2. Do a drive by ahead of time.
Get your child used to the route you will take and when. Even drive in and get used to the parking area, one way streets etc.. if they apply. Where will you park or where will they get the bus from? I’d recommend planning to arrive nice and early - especially in the first week or two, as everyone is super keen in those first weeks and carparks are sooo much busier. The last thing you need is to arrive late because you couldn’t get a park on the first day. Oh! And be sure to allow plenty of time before you leave on that first day, to take a couple of photos of your little one all dressed up in their uniform with backpack and shoes on looking super cute! If you won't have much time that day, you could do it the day before, or when they come home that afternoon. They do look much fresher in the morning though! ;)
3. Label EVERYTHING!
It’s a great idea to invest in a Dymo Labeller or similar if you don’t like writing names over and over. Or alternately a good Stanley knife, to help carve pencils and write names on with Nikko Pens. Other popular options include buying bulk lots of sticker labels online (or even some of the supermarkets allow you to pre-order personalised items now). Not all sticker labels are created equal though. Different sizes work better for different items. Also some are made specifically for sticking well to shoes, iron on fabric labels for staying on clothes, heavy duty ones that are ok for lunchboxes going through the dishwasher etc.. You may think your child won’t lose much… but I can guarantee they will even if they are very careful. Bag racks are crazy places, as are playgrounds and there will be plenty of similar items that are easy to accidentally pick up and take home the wrong one. If labelled well, at least they may make their way back to the Lost Property Box or to you.

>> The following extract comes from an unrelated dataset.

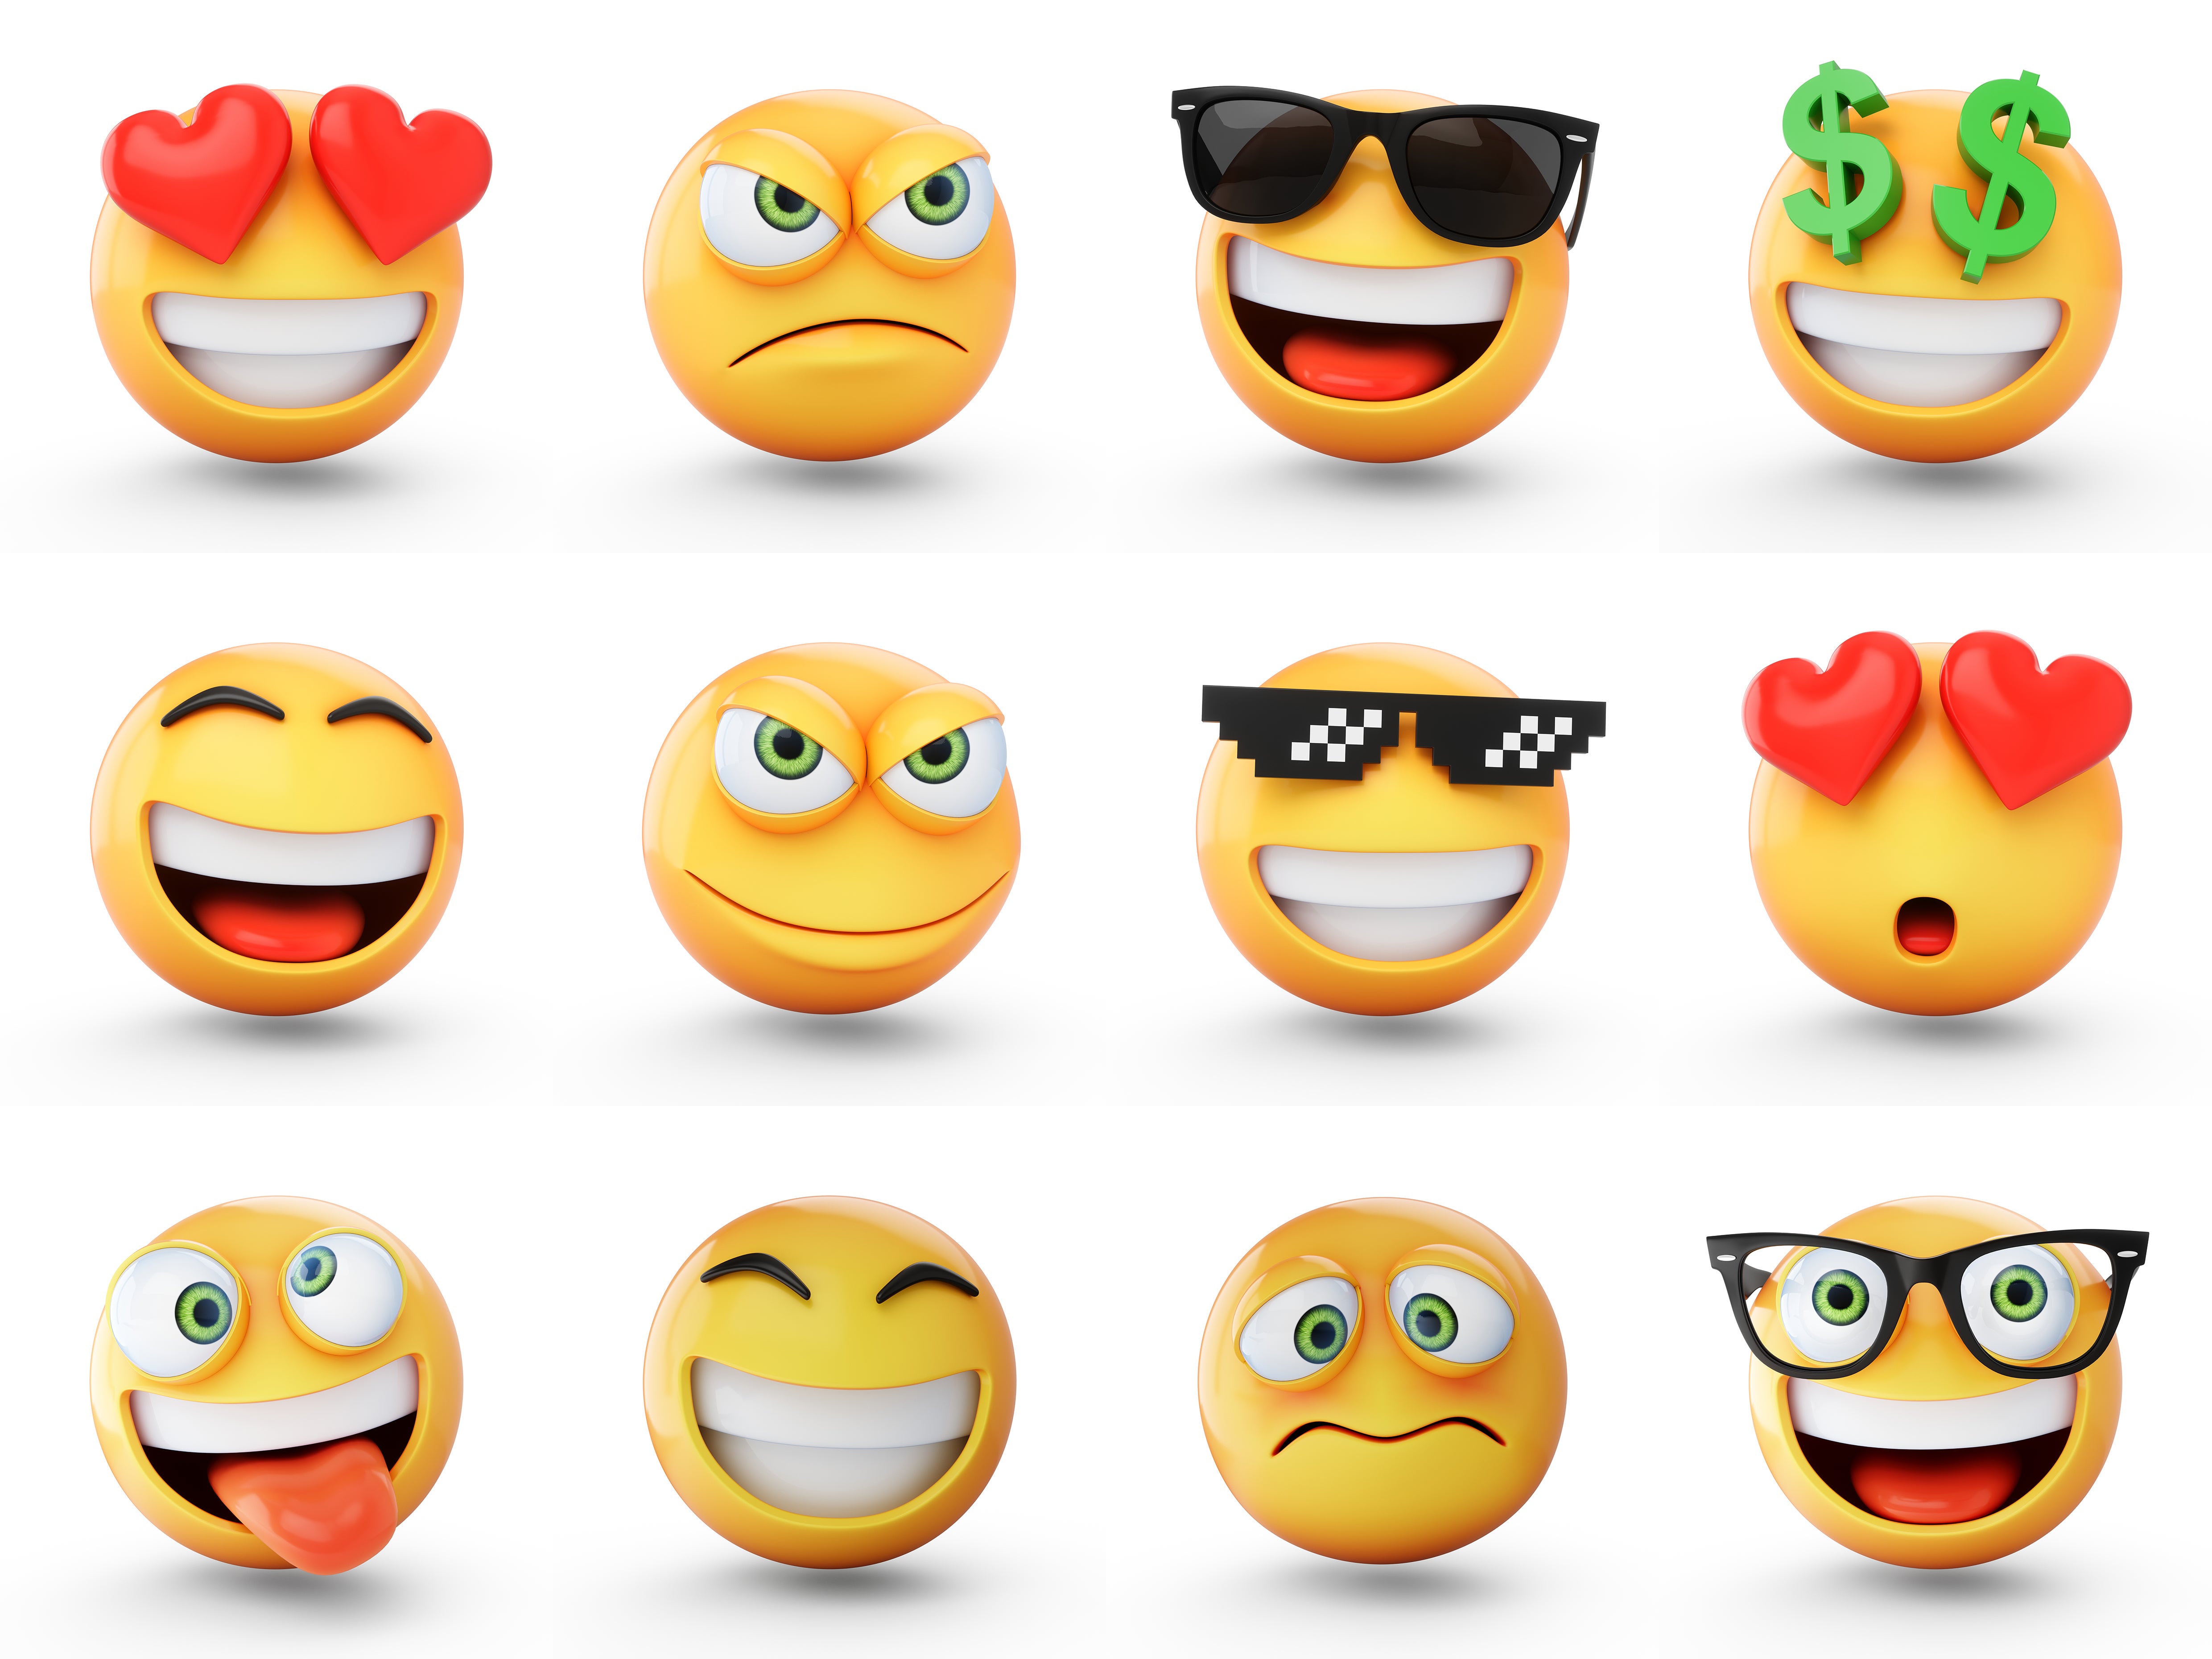 An array of emojis, some with eyes popping out, others with symbols, like dollar signs, in looks not normally seen.
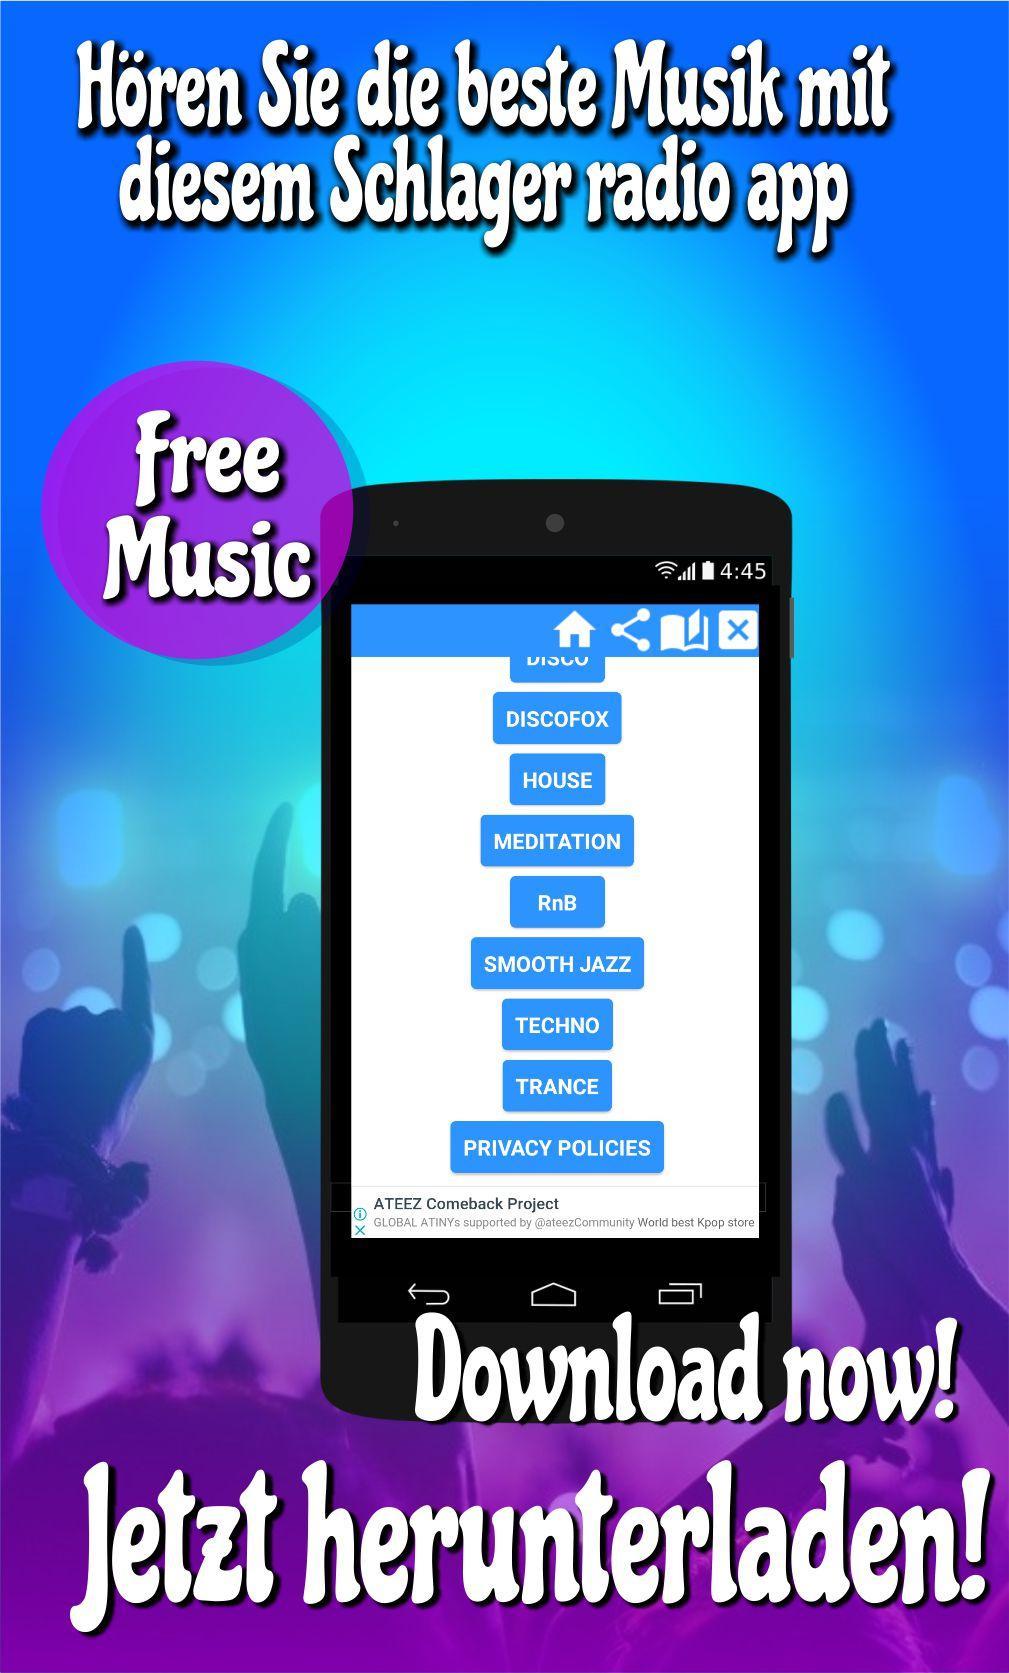 Schlager radio Schlager musik for Android - APK Download

4. Leading up to the big day, start speaking about the exciting things they will do.
Look at the School or Centre’s website photos together. Take a visit to meet the teacher/carer before you start at the ‘Open Day’ or ‘Orientation Day’. Story books help too in getting them ready and easing any anxiety. There are also great educational ‘Getting Ready for School’ type activity books and flash card sets that could help them feel more ready and confident for the type of activities they may experience in their first year.
5. Invest in a good sun safe hat and natural sun cream, brushes, hair things, clips, plenty of socks (I like to make them all the same so it is easier to find a matching look a like pair as socks disappear all the time in our household!)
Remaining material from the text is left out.